Top of AVAILABLE DATA

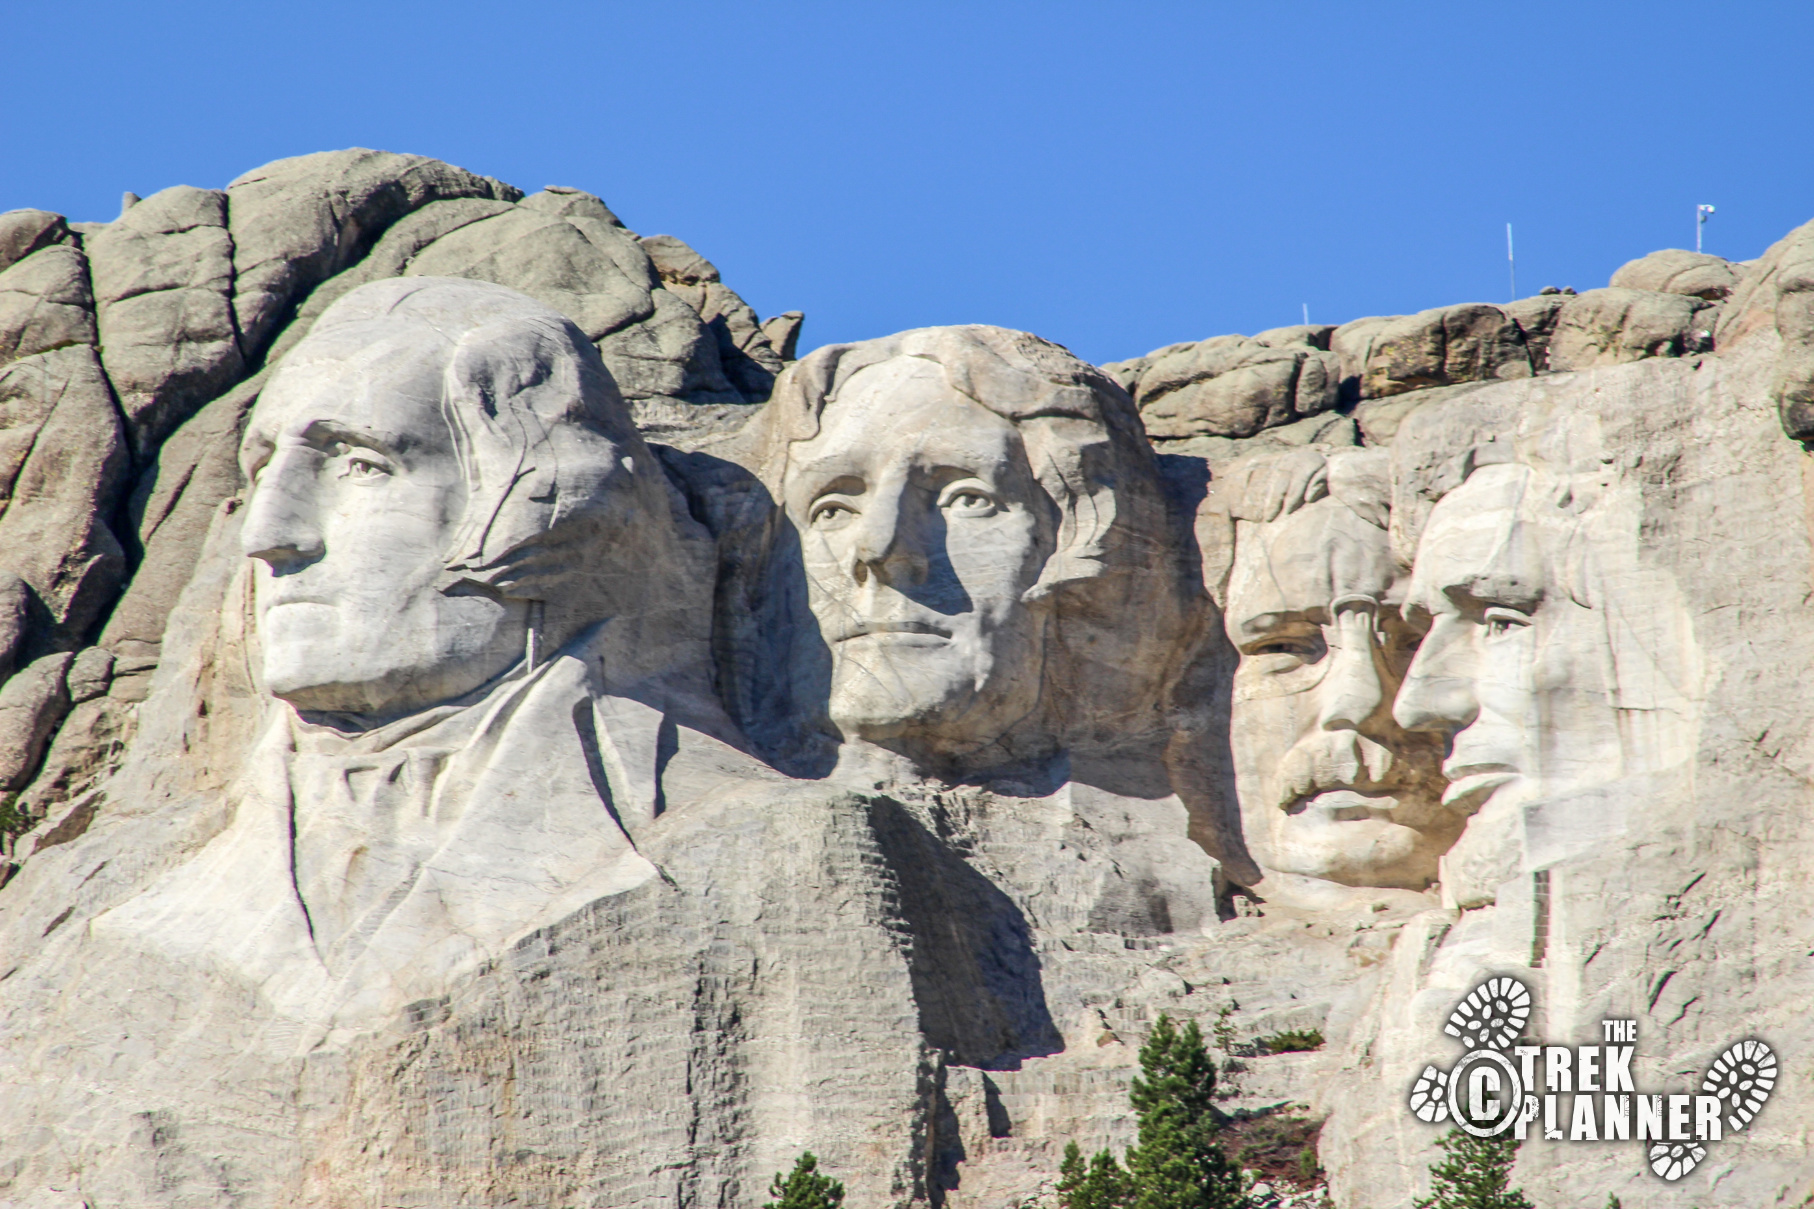 Mount Rushmore National Memorial – South Dakota
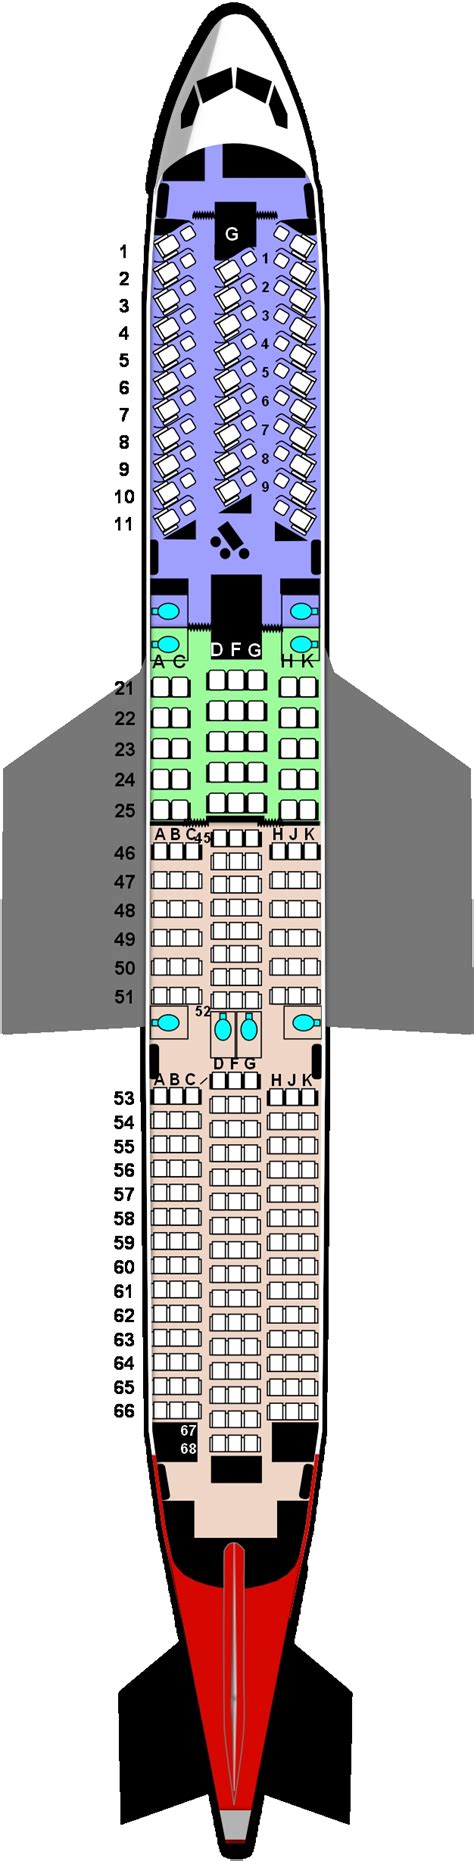 virgin atlantic airlines 787-9 seat map
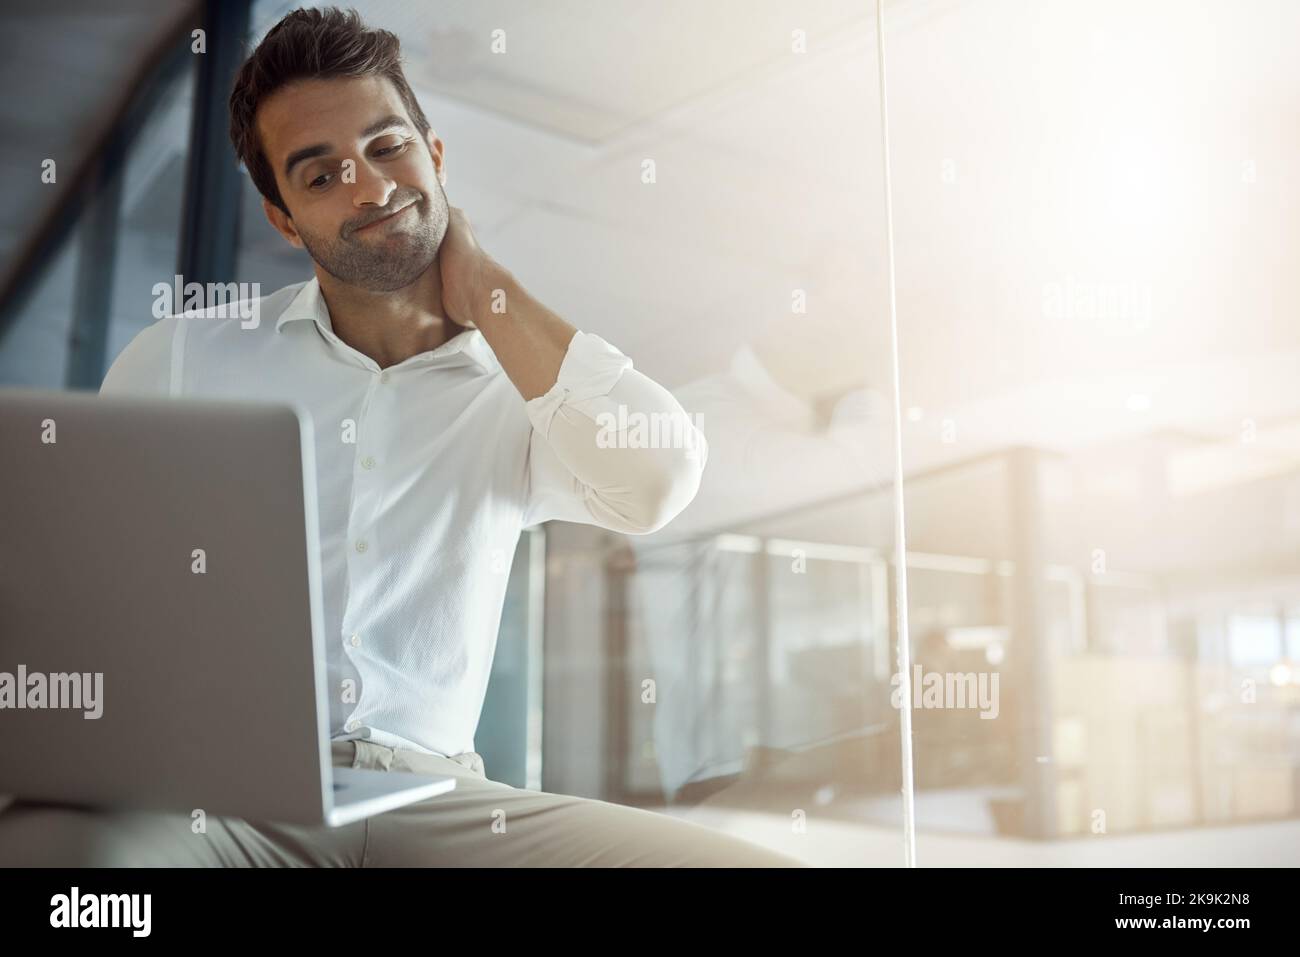 Ein hübscher junger Geschäftsmann sieht unsicher aus, während er im Büro an seinem Laptop arbeitet. Stockfoto

Bottom of AVAILABLE DATA

▸ **EXERCISE AIM**
Start with the line that holds "virgin atlantic airlines 787-9 seat map" and retype each line through the last one in the data, exactly and without pictures.

▸ **SOLUTION TO THE PROBLEM**
 virgin atlantic airlines 787-9 seat map
 Ein hübscher junger Geschäftsmann sieht unsicher aus, während er im Büro an seinem Laptop arbeitet. Stockfoto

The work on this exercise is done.